Dovremmo continuare a combattere le aggressioni sessuali nei campus universitari, insistendo contemporaneamente su processi equi per la valutazione delle denunce. Il mese scorso, la segretaria all’Istruzione Betsy DeVos ha proposto modifiche alle regole del Titolo IX che disciplinano il trattamento delle molestie sessuali e delle aggressioni nei campus. Mentre alcuni cambiamenti renderebbero più equo il processo di gestione delle denunce, altri indebolirebbero la protezione delle sopravvissute. Ad esempio, le nuove regole pretendono si indaghino solo le denunce più gravi e solo quando vengono presentate ai funzionari designati. Le donne nei campus hanno già problemi a farsi avanti: perché dovremmo consentire alle istituzioni di ridurre il supporto loro fornito?

Scrivo questo come una donna che ha dovuto cambiare il mio numero di telefono settimanalmente perché ricevevo minacce di morte. Per mesi ho lasciato raramente il mio appartamento e quando l’ho fatto, sono stato inseguita da droni e fotografi a piedi, in moto e in auto. I tabloid che hanno pubblicato foto di me le hanno presentate in una luce negativa. Mi sentivo come se fossi sotto processo davanti al tribunale dell’opinione pubblica – e la mia vita e il mio sostentamento dipendevano da una miriade di giudizi ben al di fuori del mio controllo.

Voglio la garanzia che le donne che si fanno avanti per parlare di violenza ricevano maggiore sostegno. Stiamo eleggendo rappresentanti che sanno quanto profondamente teniamo a questa questione. Possiamo lavorare insieme per chiedere modifiche alle leggi, alle regole e alle norme sociali e per correggere gli squilibri che hanno plasmato le nostre vite.
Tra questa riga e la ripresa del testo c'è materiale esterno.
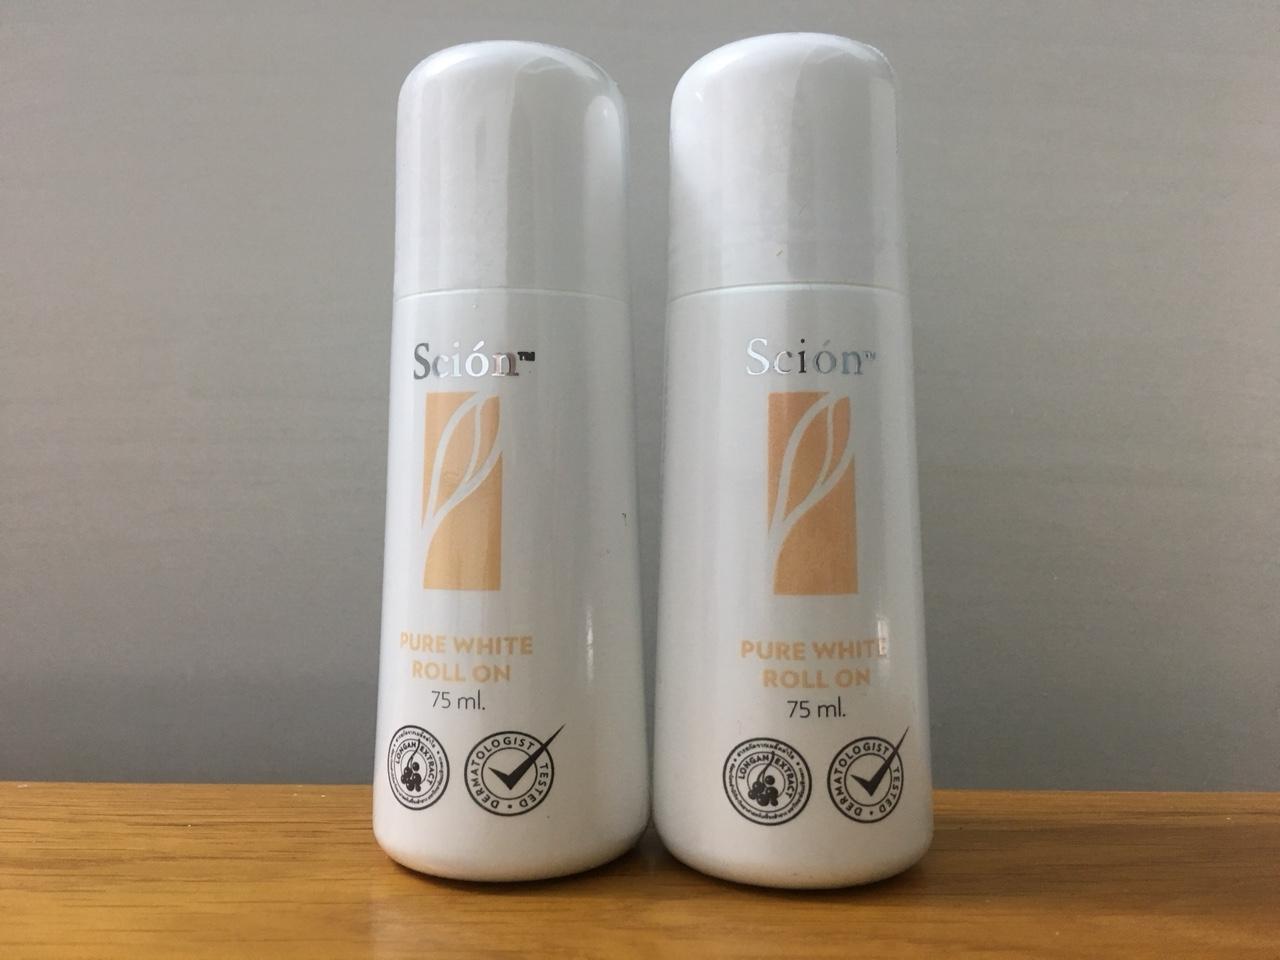 Bộ 2 lăn khử mùi Scion

Dove si parla di Johnny Depp? In che passo si denunciano le tremende violenze subite nel corso del matrimonio con l’attore?

Then two years ago, I became a public figure representing domestic abuse, and I felt the full force of our culture’s wrath for women who speak out.

Vorrei che confrontaste questa diffamante affermazione con i contenuti presenti al momento nel web, nei quali, sulla base di un fazzoletto strofinato brevemente sotto al naso, pseudogiornalisti insinuano che l’attrice sniffasse cocaina in aula.

Questo non è un articolo contro Johnny Depp: questo è un articolo contro il pubblico e le sue reazioni sguaiate alla sua causa di divorzio, che, iniziando con un ordine restrittivo emesso contro Depp, ci costrinse a scendere a patti con la possibilità che il tenero Jack Sparrow che visita i bambini negli ospedali, il sogno erotico di ogni donna che entrava nella pubertà ai tempi di Don Juan De Marco Maestro D’amore, quando si chiude alle spalle la porta di casa e poggia il copione, si trasforma in uno squallido maltrattante qualunque.

La desolante gogna virtuale imbastita oggi per Amber Heard non fa altro che confermarne la veridicità: quando una donna è pubblicamente coinvolta in un caso di violenza domestica la nostra società diventa intollerabilmente feroce nei suoi confronti, rendendo impossibile un equo processo.